> [Required action]
Reproduce the whole listing exactly, omitting any picture it holds.

> [Data shown]
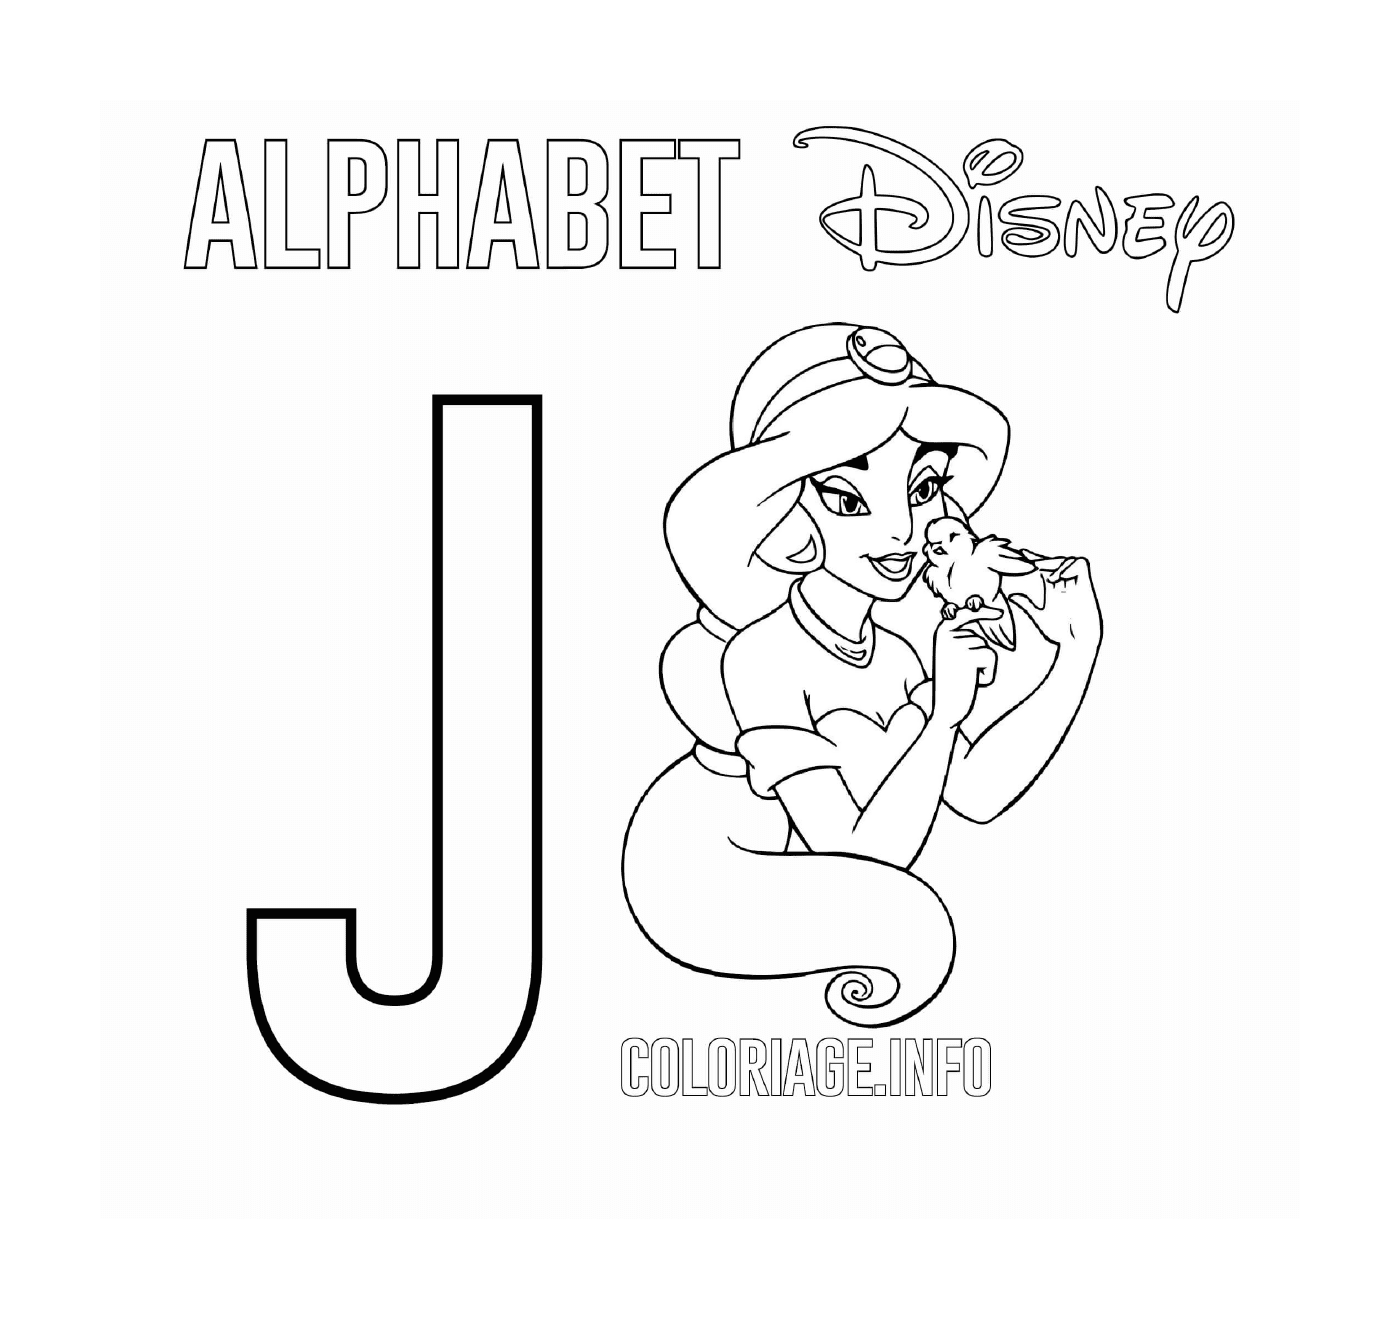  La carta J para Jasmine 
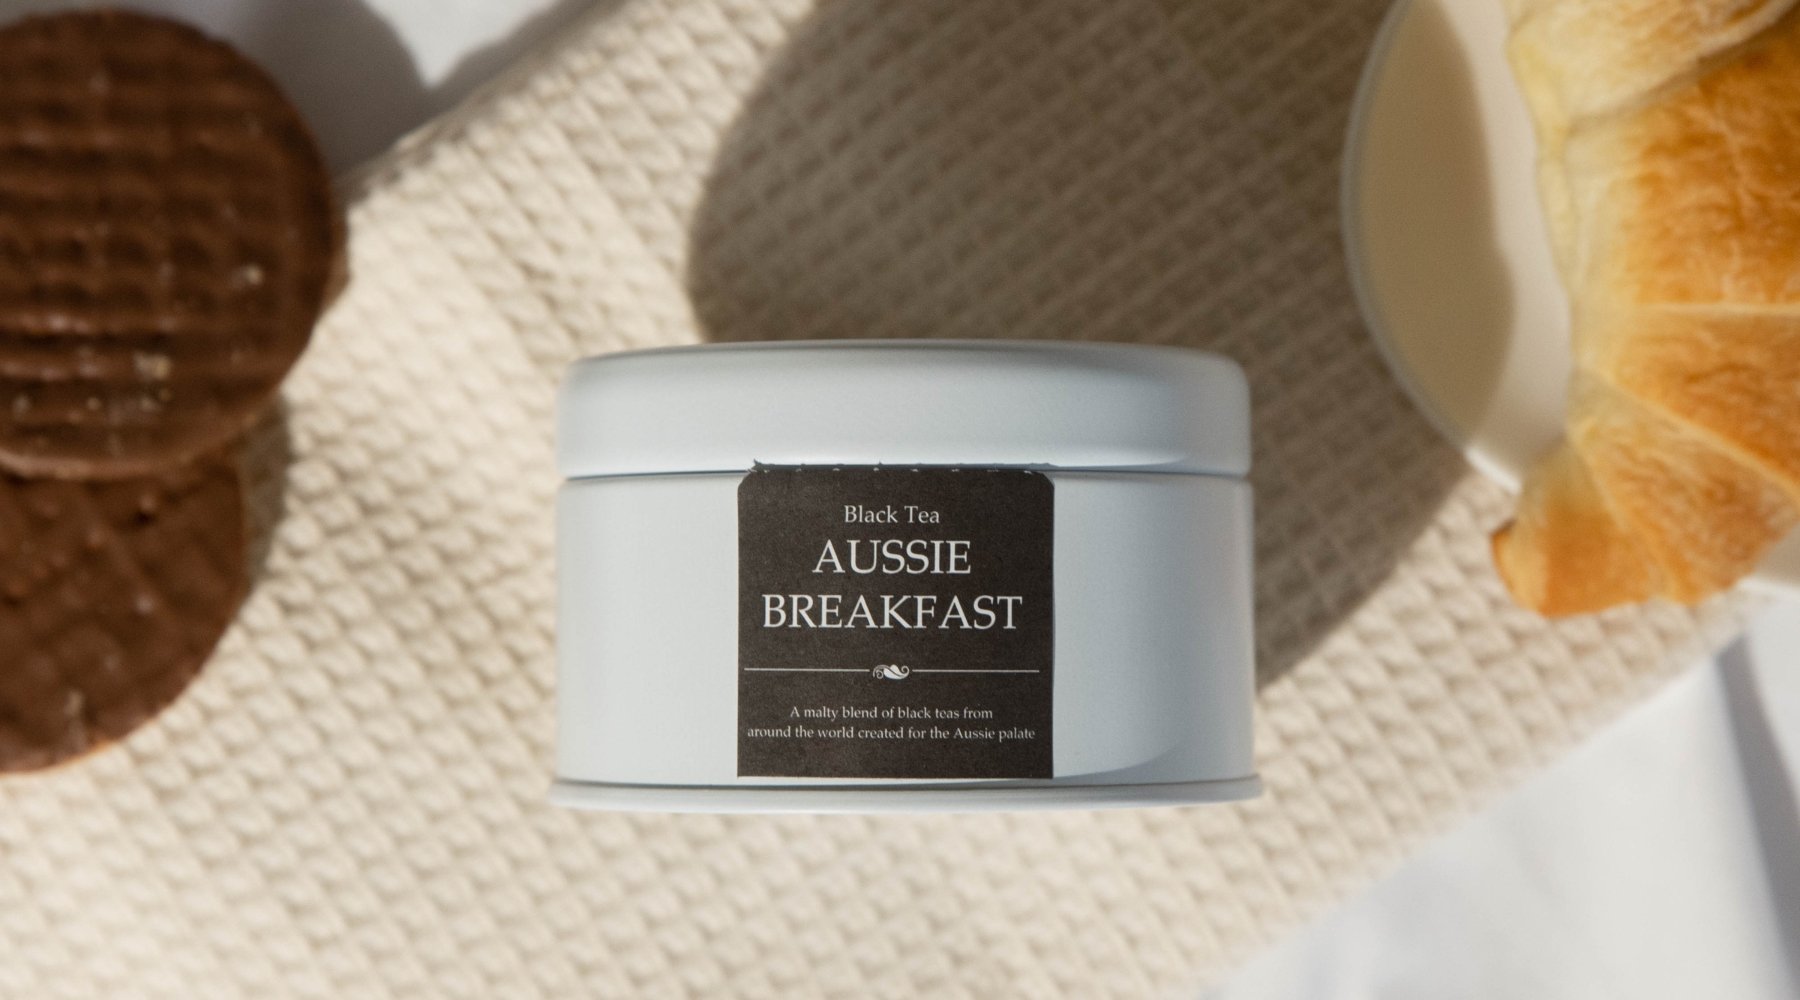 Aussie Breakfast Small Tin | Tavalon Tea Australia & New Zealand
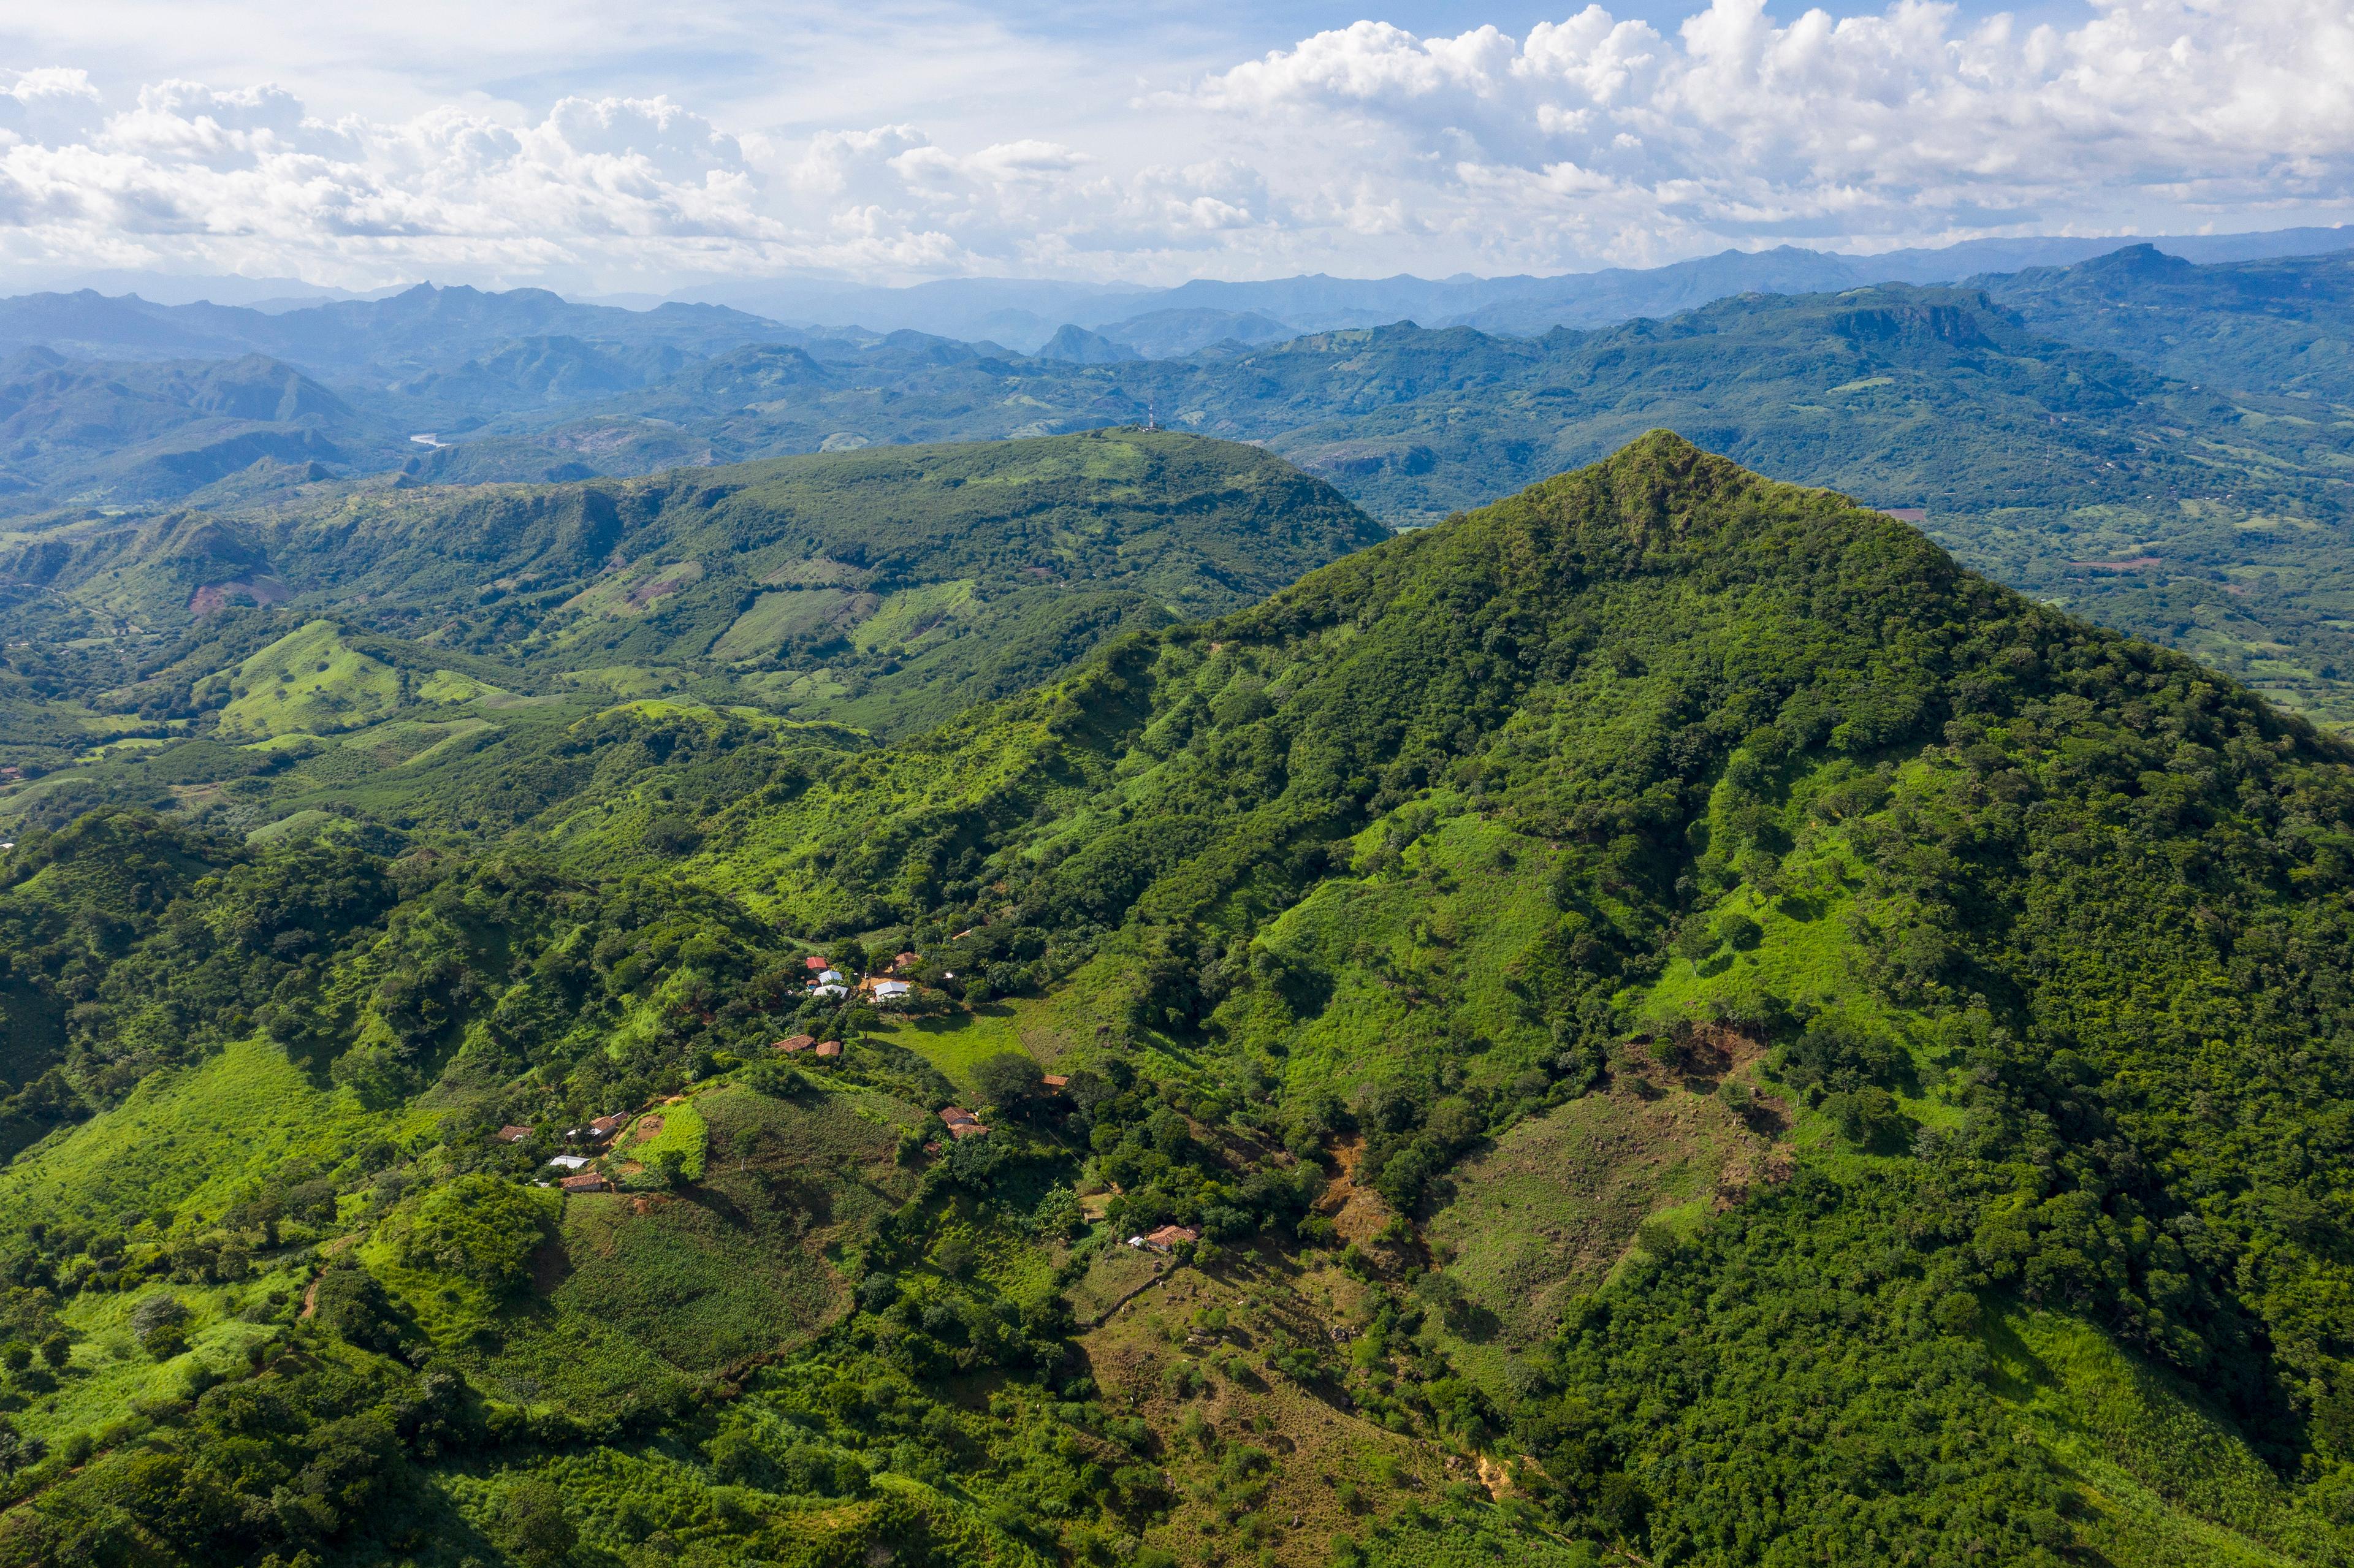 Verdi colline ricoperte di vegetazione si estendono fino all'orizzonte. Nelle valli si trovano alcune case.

> [Finished exercise]
  La carta J para Jasmine 
 Aussie Breakfast Small Tin | Tavalon Tea Australia & New Zealand
 Verdi colline ricoperte di vegetazione si estendono fino all'orizzonte. Nelle valli si trovano alcune case.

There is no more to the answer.